Tag Archives: immigration reform

DREAMers Face Uncertainty as Trump Administration Ends DACA and Leaves the Fight Up to a Divided Congress

On his campaign trail,  President Trump said he would “immediately terminate” DACA – the Deferred Action for Childhood Arrivals program introduced by the Obama Administration in June 2012.  Although it took several months to make a decision, the Trump Administration issued a memorandum on September 5, 2017, to end the program.

As of this date, no new, initial DACA applications will be accepted. Current DACA holders whose benefits expire on or before March 5, 2018, may file for a renewal, valid for 2 years, by October 5, 2017.

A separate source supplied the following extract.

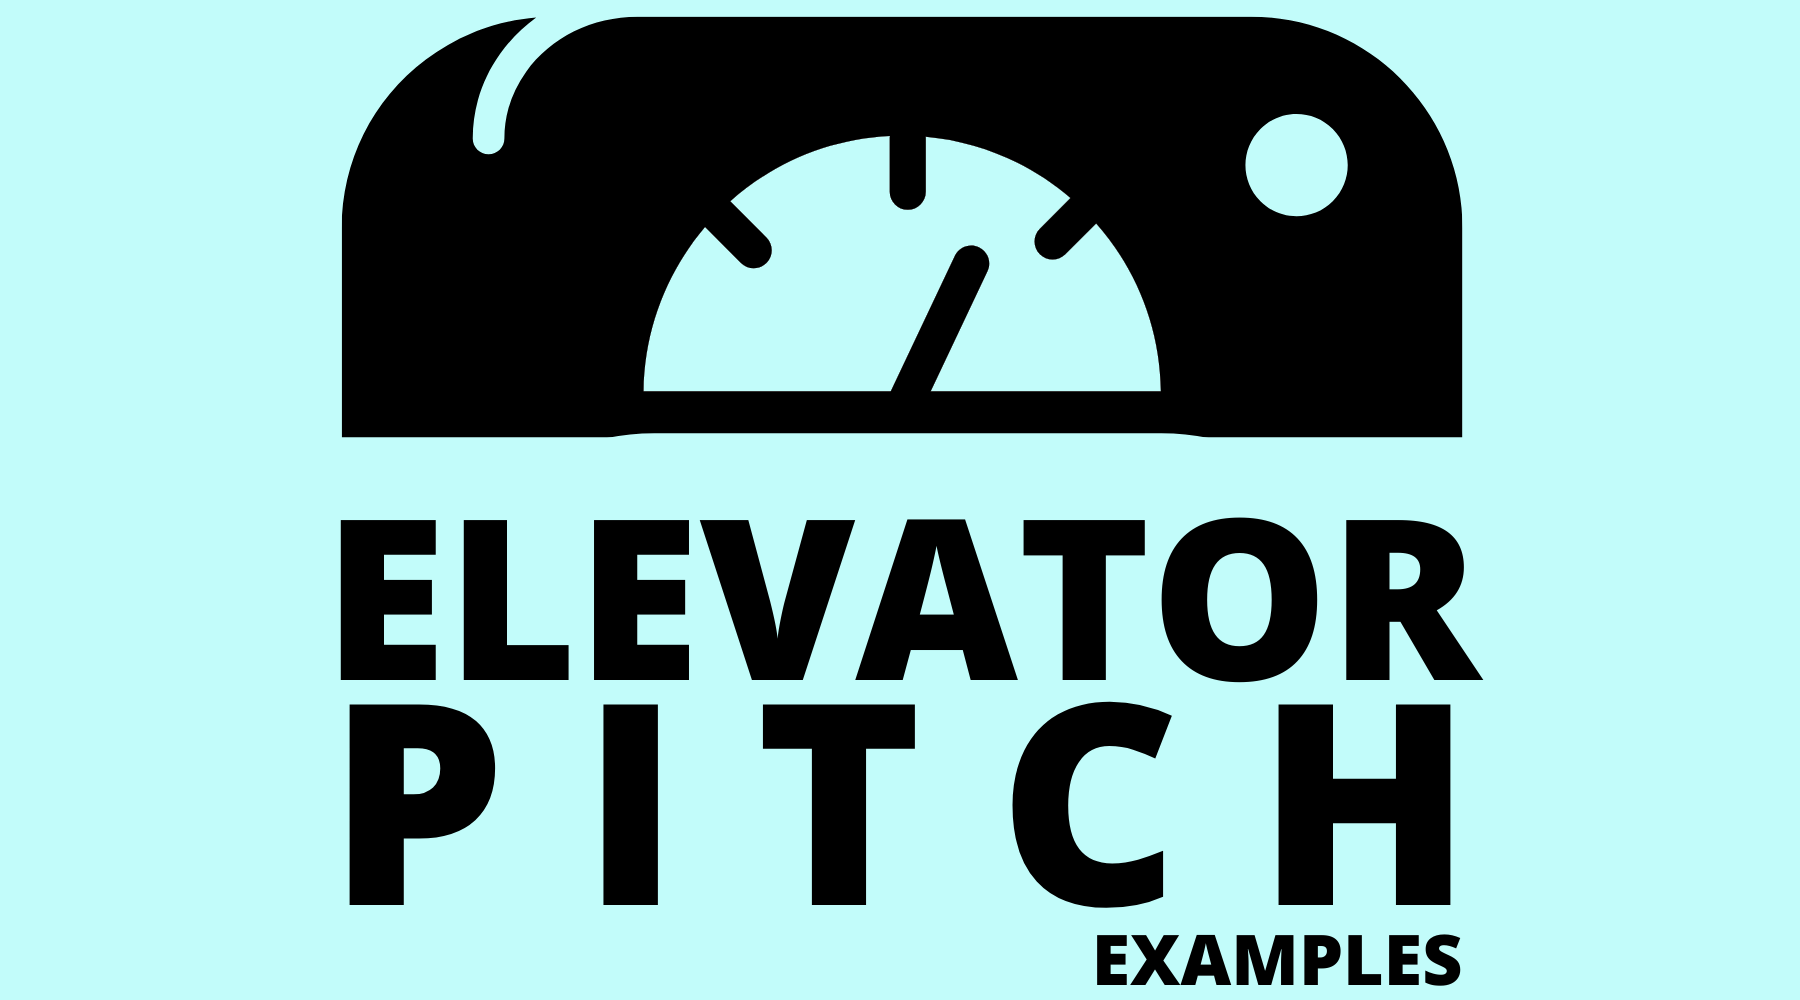 Examples of Elevator pitches and How It Can Prove to Be a Game Changer

Almost 800,000 eligible, undocumented immigrants have received DACA as a temporary relief from removal, which includes work authorization valid for two years. Commonly known as “DREAMERs,” DACA holders include undocumented immigrants who came to the U.S. as minors before age 16, have lived in the U.S. since June 15, 2007, are currently in school or have graduated from high school, have no serious criminal history, and meet other eligibility requirements.

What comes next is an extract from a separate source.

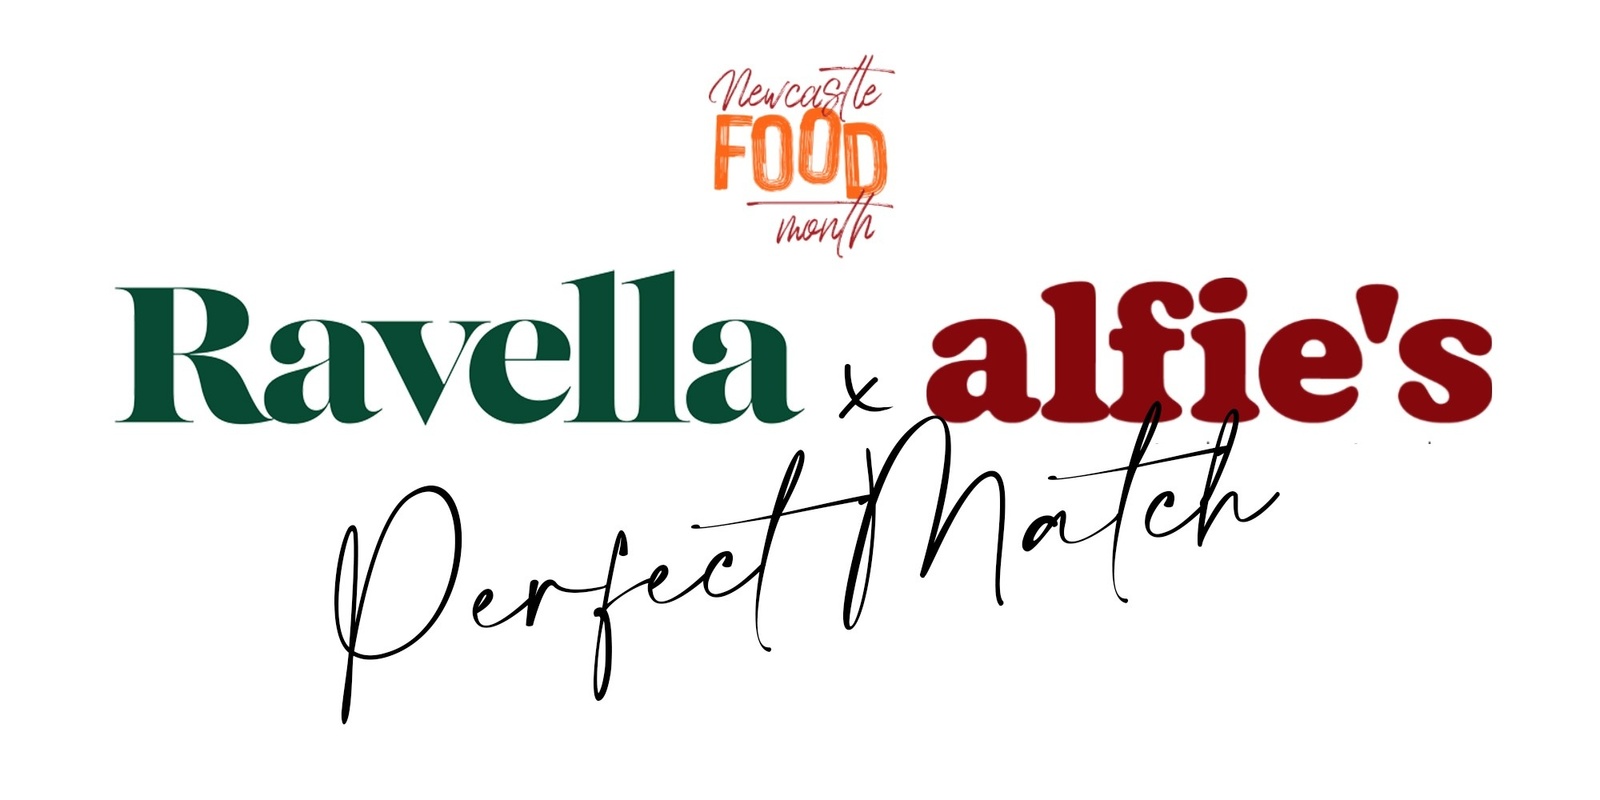 Banner image for NEWCASTLE FOOD MONTH: RAVELLA x ALFIE’S PERFECT MATCH

DACA, however, has always been a temporary relief subject to rescission by a new Administration and which provided no path to lawful nonimmigrant status, permanent residence, or citizenship.

The DACA program was introduced by the Obama Administration in a  June 15, 2012 memorandum from then DHS-Secretary Janet Napolitano, titled Exercising Prosecutorial Discretion With Respect to Individuals Who Came to the United States as Children. Critics viewed it as an unconstitutional use of power by the Executive Branch. Supporters saw it as an extension of prosecutorial discretion related to immigration enforcement priorities and necessary protection for undocumented immigrants who came to the United States as children and grew up in the country.

Federal court litigation ensued, in which a Texas-led coalition of 26 states  — including Alabama, Arizona, Arkansas, Florida, Georgia, Idaho, Indiana, Kansas, Louisiana, Maine, Michigan, Mississippi, Montana, Nebraska, Nevada, North Carolina, North Dakota, Ohio, Oklahoma, South Carolina, South Dakota, Tennessee, Texas, Utah, West Virginia and Wisconsin — filed a lawsuit to stop the expansion of DACA and the introduction of a similar relief, Deferred Action for Parents of Americans and Lawful Permanent Residents (DAPA) program.

In January 2017, after taking office, President Trump stated in an interview with ABC’s David Muir that a new policy would be issued within weeks, but that DACA recipients “shouldn’t be very worried.” He further commented: “I do have a big heart. We’re going to take care of everybody…But I will tell you, we’re looking at this, the whole immigration situation, we’re looking at it with great heart.”

Meanwhile, Attorney General Jeff Sessions continued to hold a hardline, calling DACA an “unconstitutional” act by Obama that has “denied jobs to hundreds of thousands of Americans by allowing those same illegal aliens to take those jobs.” Sessions made the announcement in a September 5th news conference that the Trump Administration will phase out the DACA program.

On Twitter, following Sessions’ remarks, President Trump wrote, “Congress now has 6 months to legalize DACA (something the Obama administration was unable to do.) If they can’t, I will revisit this issue!”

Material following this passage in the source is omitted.